Cела перед ребенком и задумалась, вспоминая, какие были у него глаза раньше. Не смогла вспомнить и успокоилась, как будто ничего и не было. Только иногда, в редкие минуты неясного душевного волнения, тревожила ее мысль о том, что привиделось ей той ночью и почему она так испугалась. Но она гнала от себя такие мысли и тем успокаивалась, словно курица, у которой из высиженного ею яйца вывелся утенок.
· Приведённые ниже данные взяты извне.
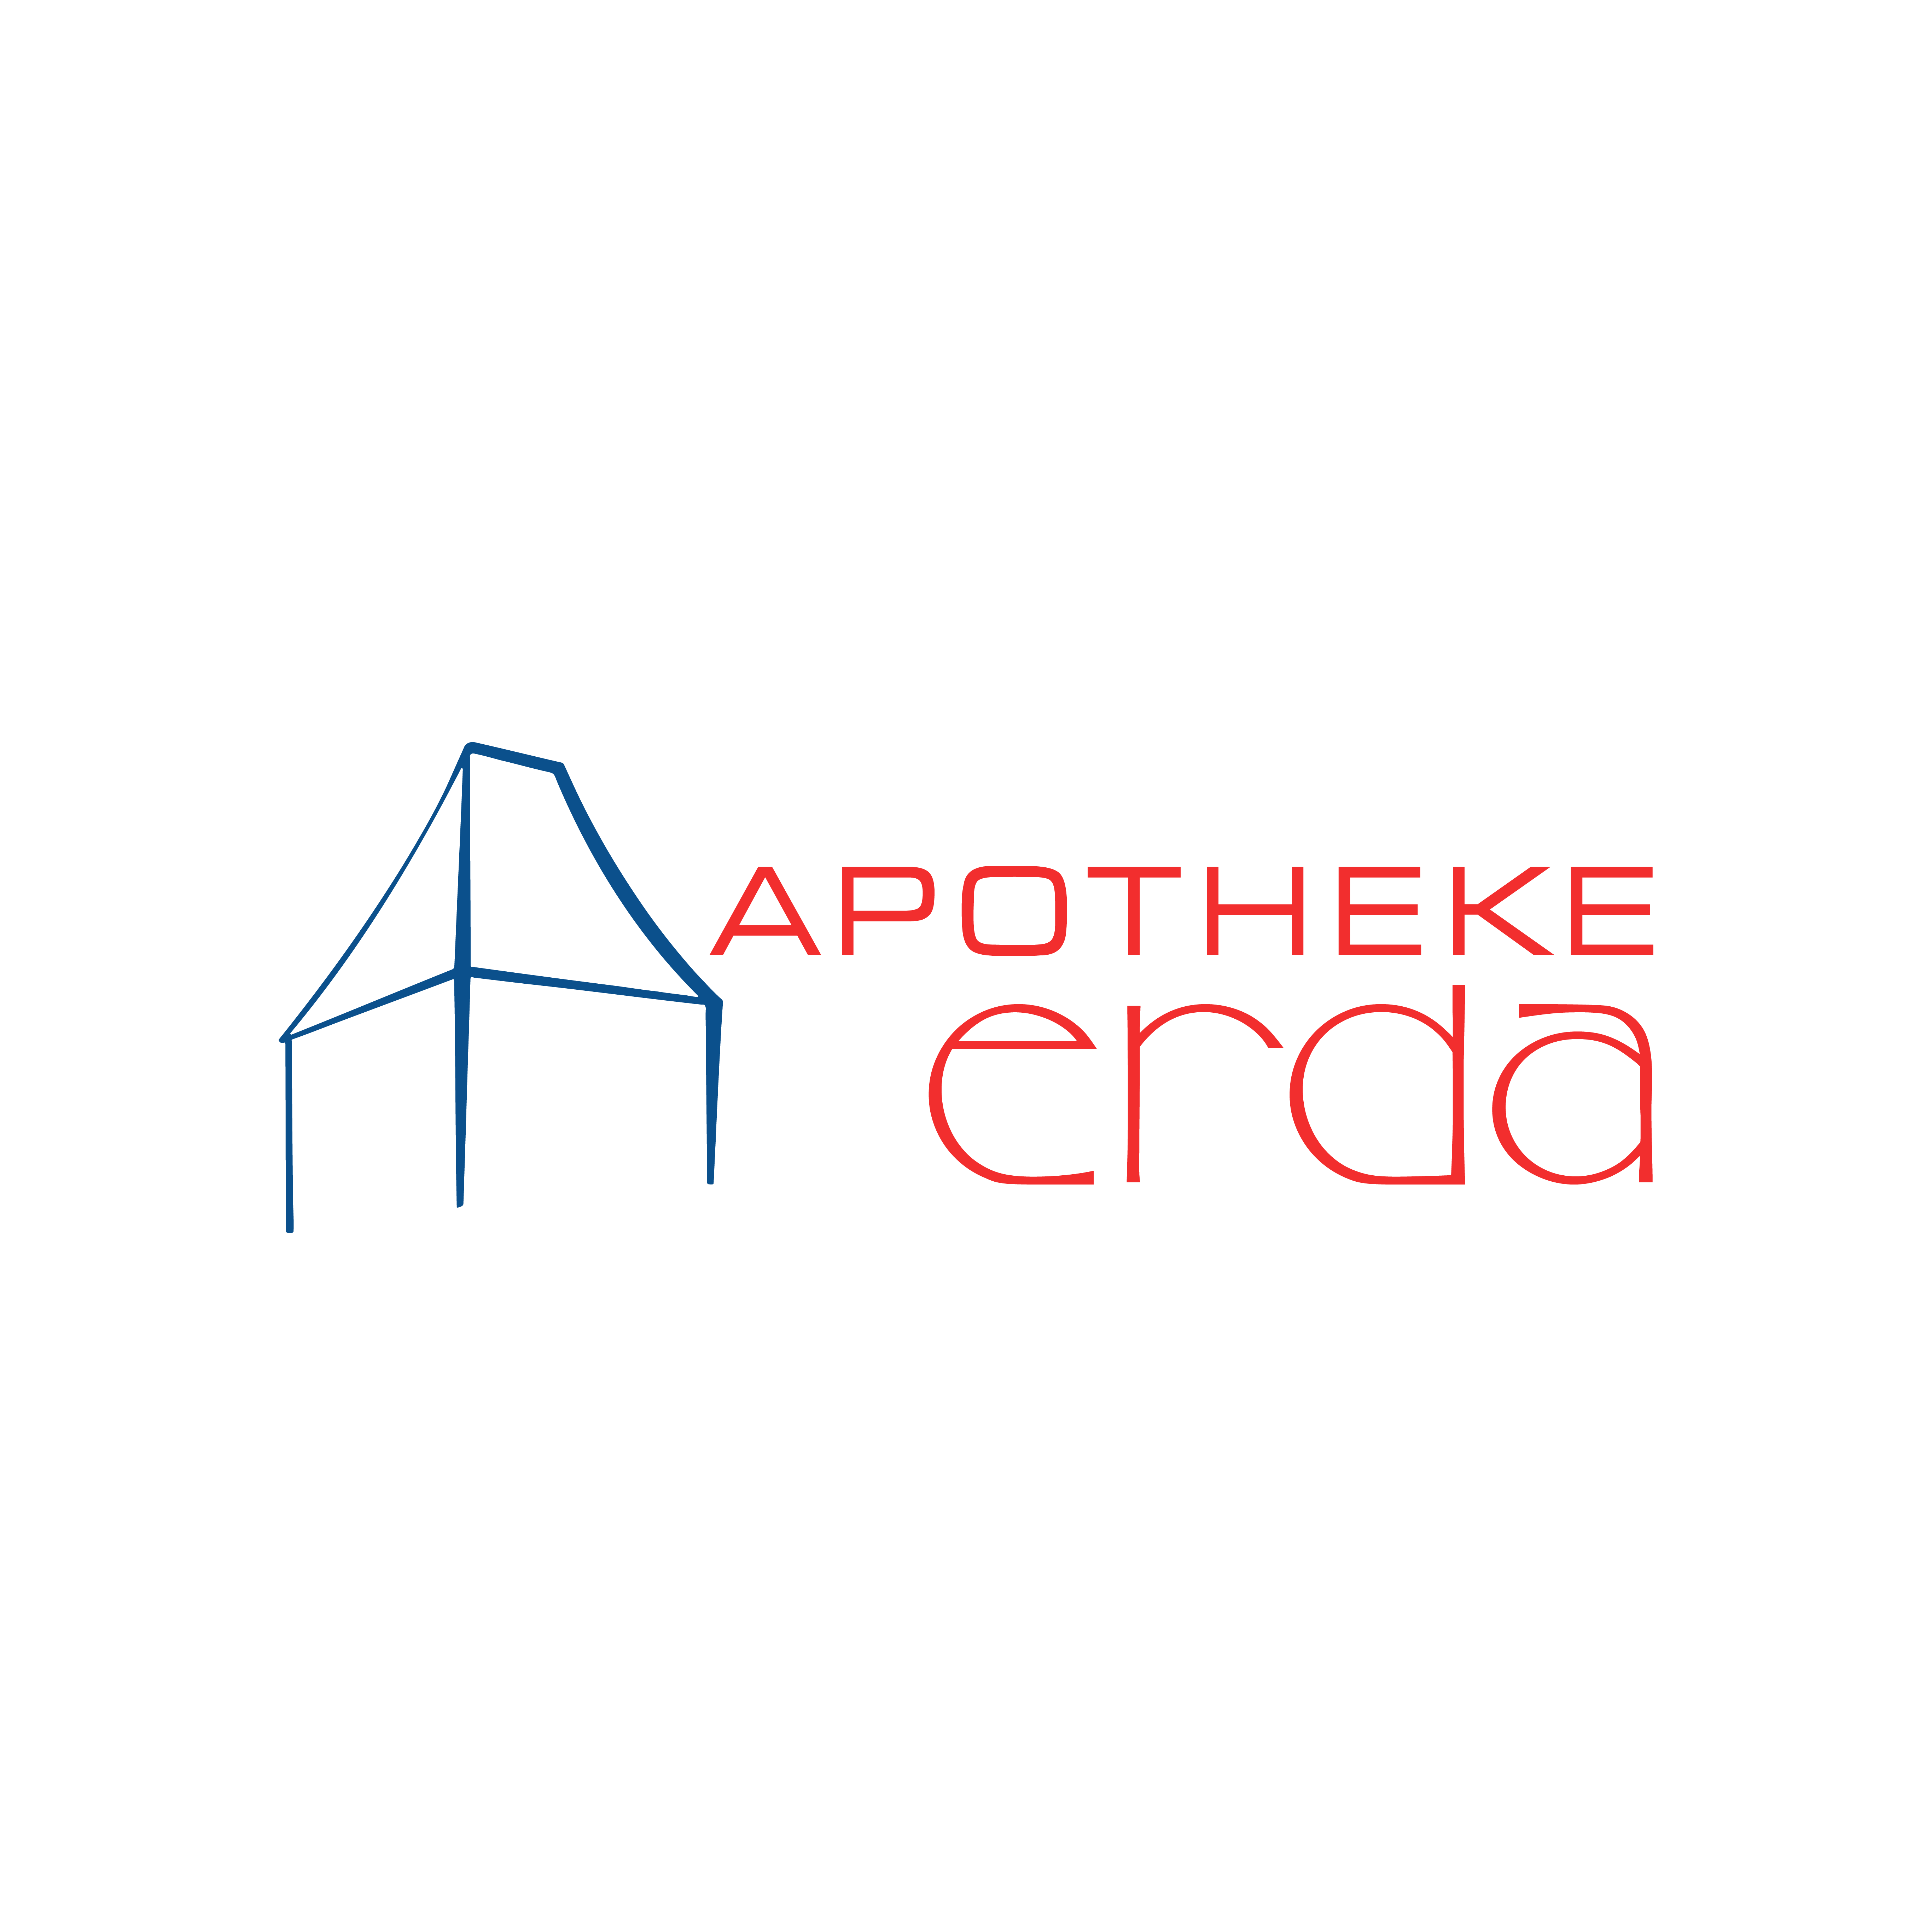 Apotheke Erda Logo

На небольшой полянке в запущенном парке, затерянном где-то среди окраин Москвы, у костра сидели люди. Тяжелые ветви деревьев склонились над ними, то ли укрывая, то ли подслушивая. Трещали в костре сучья. Пламя бросало неверные отсветы, отчего казалось, что лица сидящих вокруг огня находятся в постоянном движении. Издали их можно было принять за сборище лесных разбойников, устроившую посиделки лесную нечисть или еще за каких-то обитателей сказочных лесов. Тем не менее они были совершенно реальны и вели довольно интересные разговоры.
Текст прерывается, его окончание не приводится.